Out of Scope features:
Questions:
What to do when user requests the same long url again and again should we give the same generated short url or create a new short url.
REST
/url
[POST]
{ url:
alias?:
expiration_time?:
}
200 - url:{}
/url
[GET]
302 - url:{}
So the client sends the request of long url to the server and the server then stores it in DB with parameters:
1.Shorturl
2.Longurl
3.Expiration_time
4.Alias
5.Creation_time
So these values are stored in DB and when asked for the shorturl it will get fetched form the DB.
Here for fetching of the data from DB it may take more time so we can either add an index.We can add an index as this system is read heavy but not write heavy.Even though if we add the index it will still take more time to fetch the url in <100MS as the fetch time from memory is less than that of SSD.So we can place a cache in between so that the reads will be faster.But the main problem if we place a cache is we will be adding extra network hop but anyways the time we save from fetching the result from cache is more so the network hop addition time become negligible.So there is also another option to add CDN so that the POP will get updated and the data can be fetched directly from CDN but the problem with the CDN is that cost and complexity.CDN helps faster fetching by placing the data near to user location but the main drawback comes in the cost and complexity.So here we can use the write around cache which will check if the url is present in the cache if not then hit the DB and update the cache.

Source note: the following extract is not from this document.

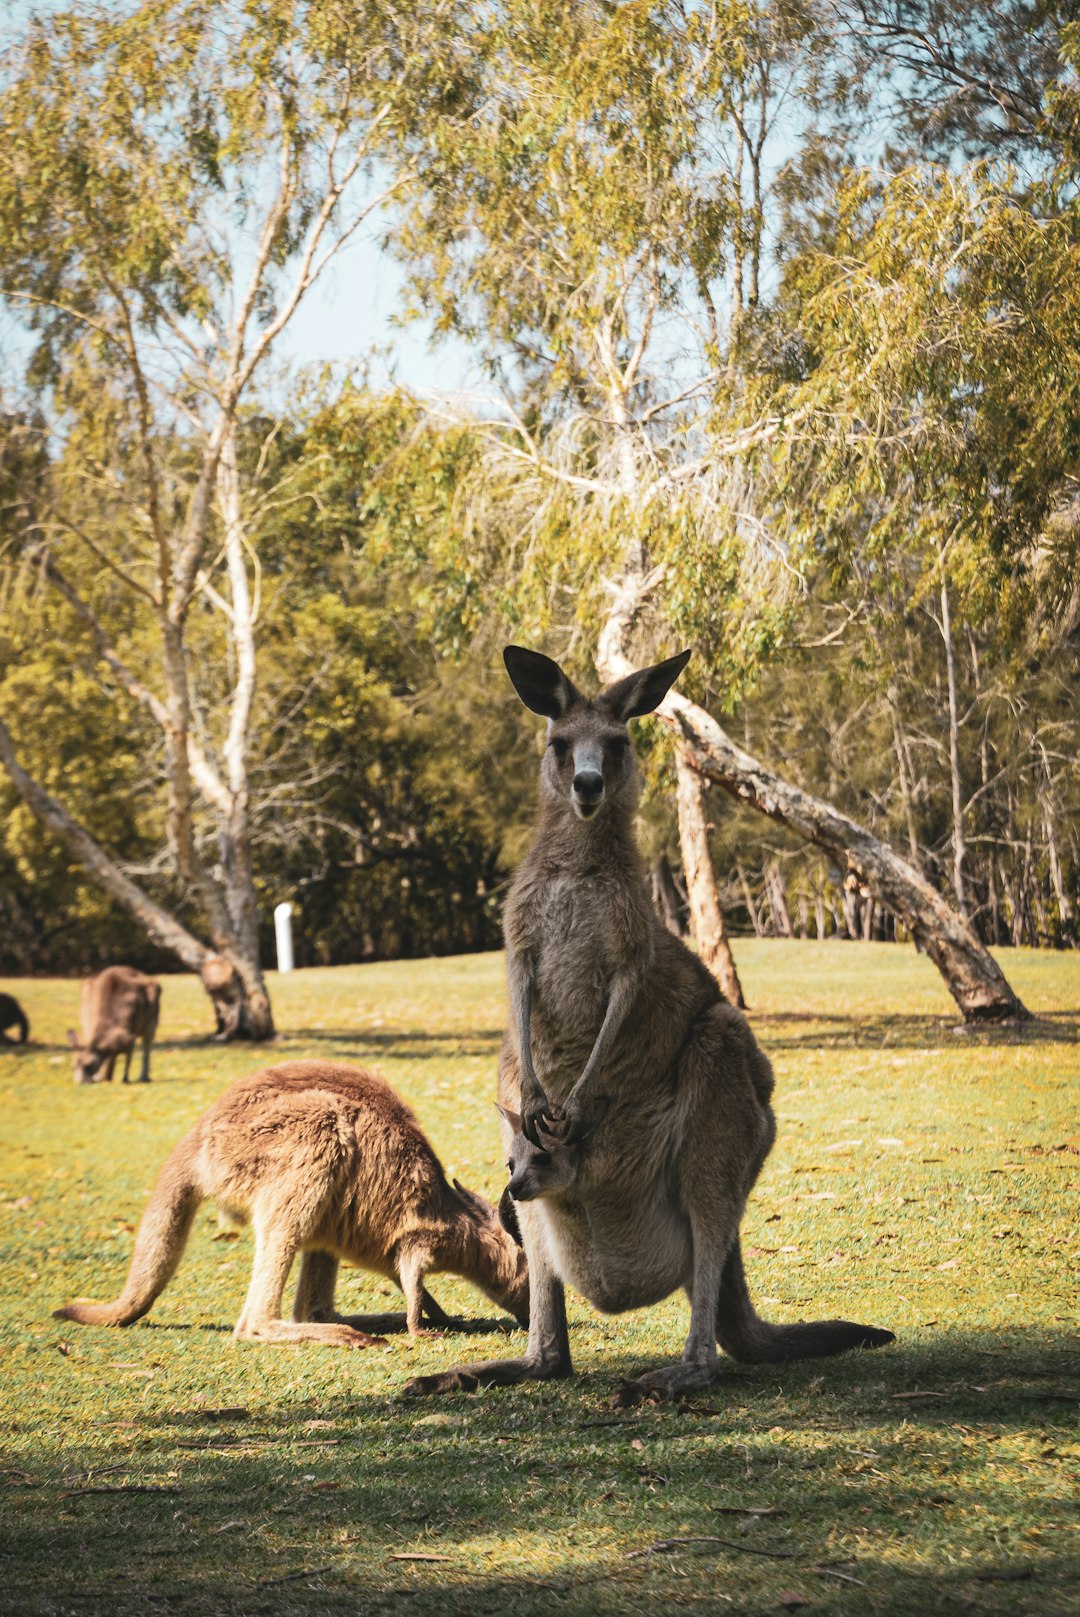  kangaroo standing on green grass field during daytime kangaroo

When performing the redirect we can also use 301 which stands for permanent redirection which mean browser will store this url and next time it directly reroutes to permanent url.So in this way it will be dfficult to track and debug so this will not be used mostly by many systems.
1.Client
2.Server
3.Url
So now we will deep down into the generation of short url .So we can use the generation of unique url by just taking some random texts and create the url but the collision may be there so along with the QPS addiitonal overhead regarding the redirects may happen too increasing the load .So we have to use some algorithm which will reduce the collision to near zero.So we can use base 62 encode algorithm which is 62^7 combinations can be used which will lead to less collision for which we can add a salted value too.So to avoid the complexities we can just use a redis counter 62 encoded algo which will be atomic and collision free so by this algorithm the collision count will be near zero where the counter will keep on increasing every time a url is requested.We can also infer one thing that this system is skewed read heavy compared to write heavy as more users will re-click the same url rather than creating more.So functional requirements are satisfied and this system if we see it should be highly available rather than consistent if we see according to the CAP theorem.So the activity we can see is around 100B * 100DAU = 10MB storage is required.So currently one server can handle the load to enable the partition tolerance is ahieved we can create the segregation of the db as read replica and write replica where the reads will hit the read replica and the write will go to write replica's. We can scale our system horizontally so that the load is not on one system.But there is a problem with scaling as synchronization will no longer work so a centralized redis instance to be used to store the counter.